Valuing an estate for inheritance tax
Helping you protect your wealth is an important part of an inheritance tax planner, and one thing is certain, you need to plan to protect your wealth from a potential Inheritance Tax (IHT) liability.
Benjamin Franklin once said that 'nothing is certain but death and taxes', and thanks to IHT, they're not only certain, they're intrinsically linked.
Only for the rich?
Once only the domain of the very wealthy, the wide-scale increase in home ownership and rising property values over the past decade have pushed many estates over the IHT threshold. However, in recent years we have also seen property price reductions.
IHT applies to your entire worldwide estate, including your property, savings, car, furniture and personal effects.
You should also consider all of your investments, pensions and life insurance policies and ensure that life policies are held in an appropriate trust so they do not add to the value of your estate.
Estate valuation
When valuing a deceased person's estate, you need to include assets (property, possessions and money) they owned at their death and certain assets they gave away during the seven years before they died.
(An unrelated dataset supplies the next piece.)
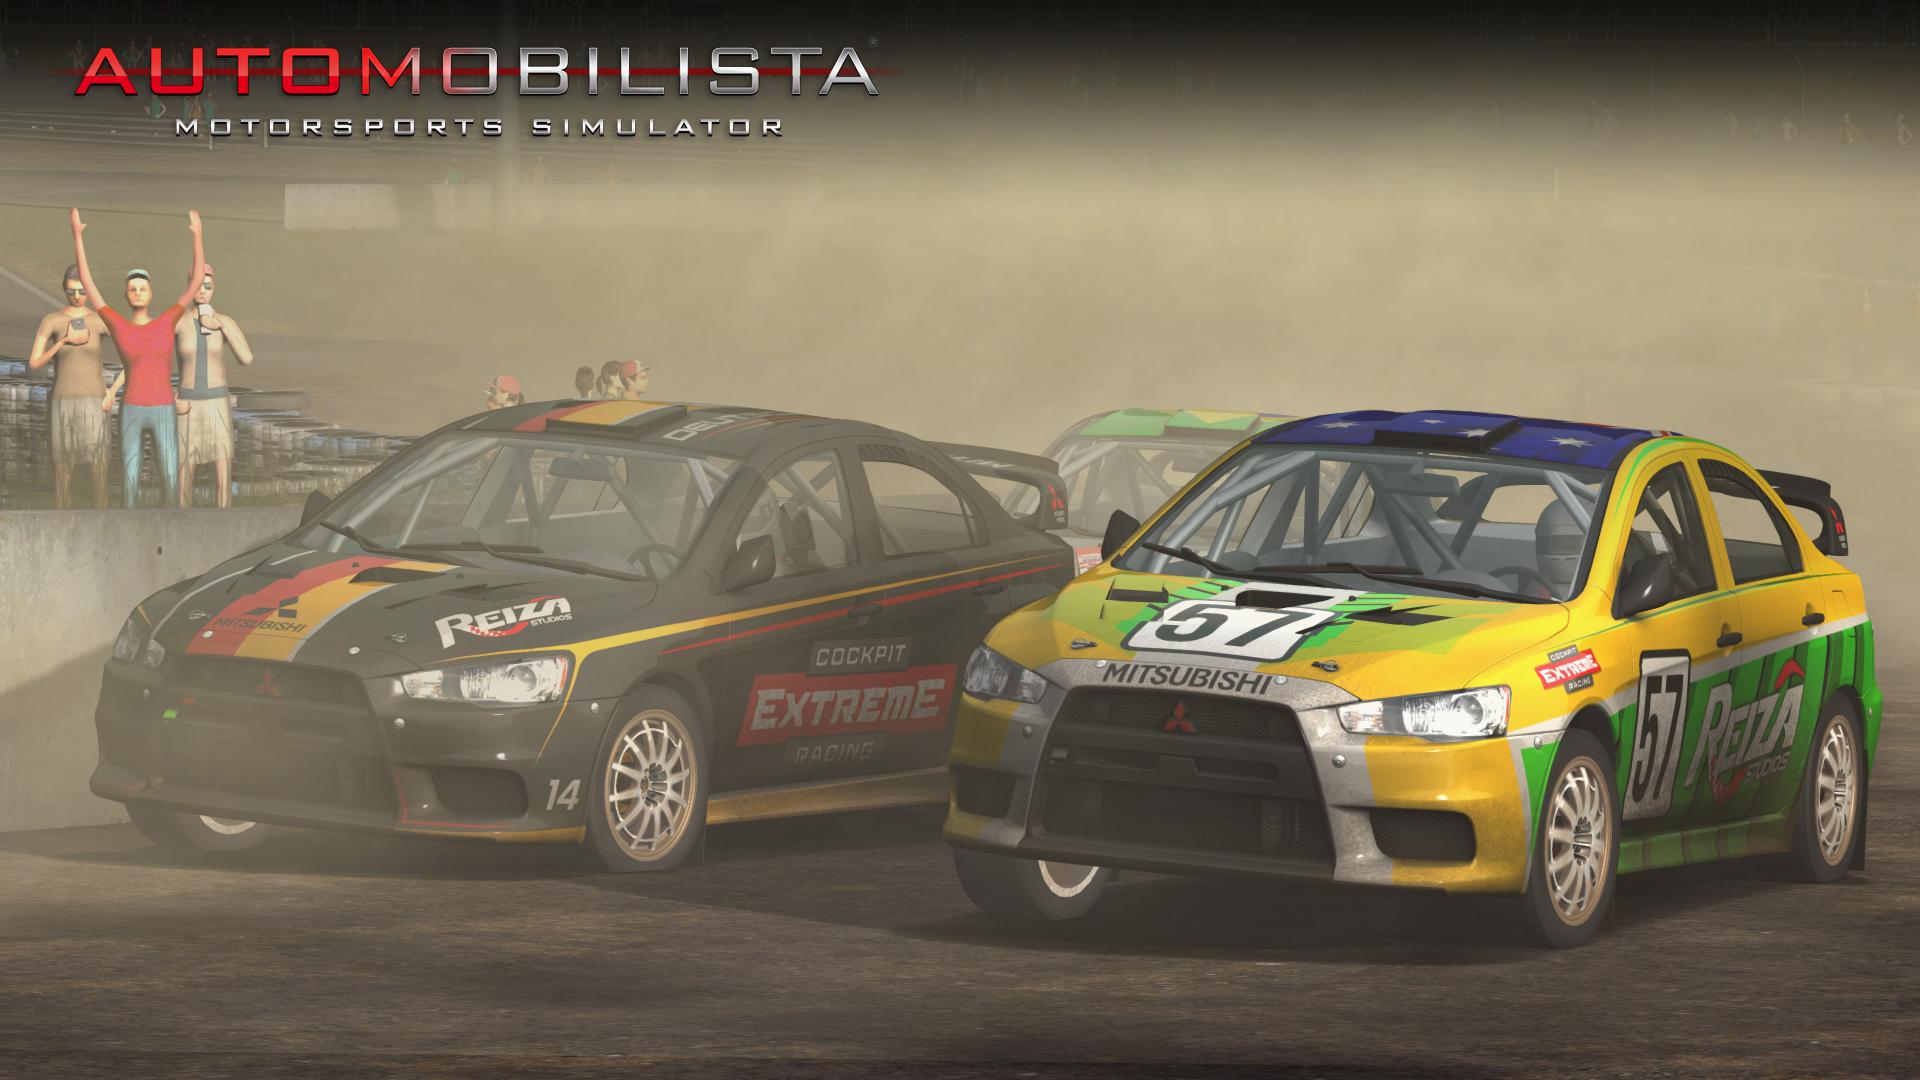 Automobilista Screenshot 2

The valuation must accurately reflect what those assets would reasonably receive in the open market at the date of death.
Valuing the deceased person's estate is one of the first things you need to do as the personal representative. You won't normally be able to take over management of their estate (called 'applying for probate' or sometimes 'applying for a grant of representation/confirmation') until all or some of any IHT that is due has been paid.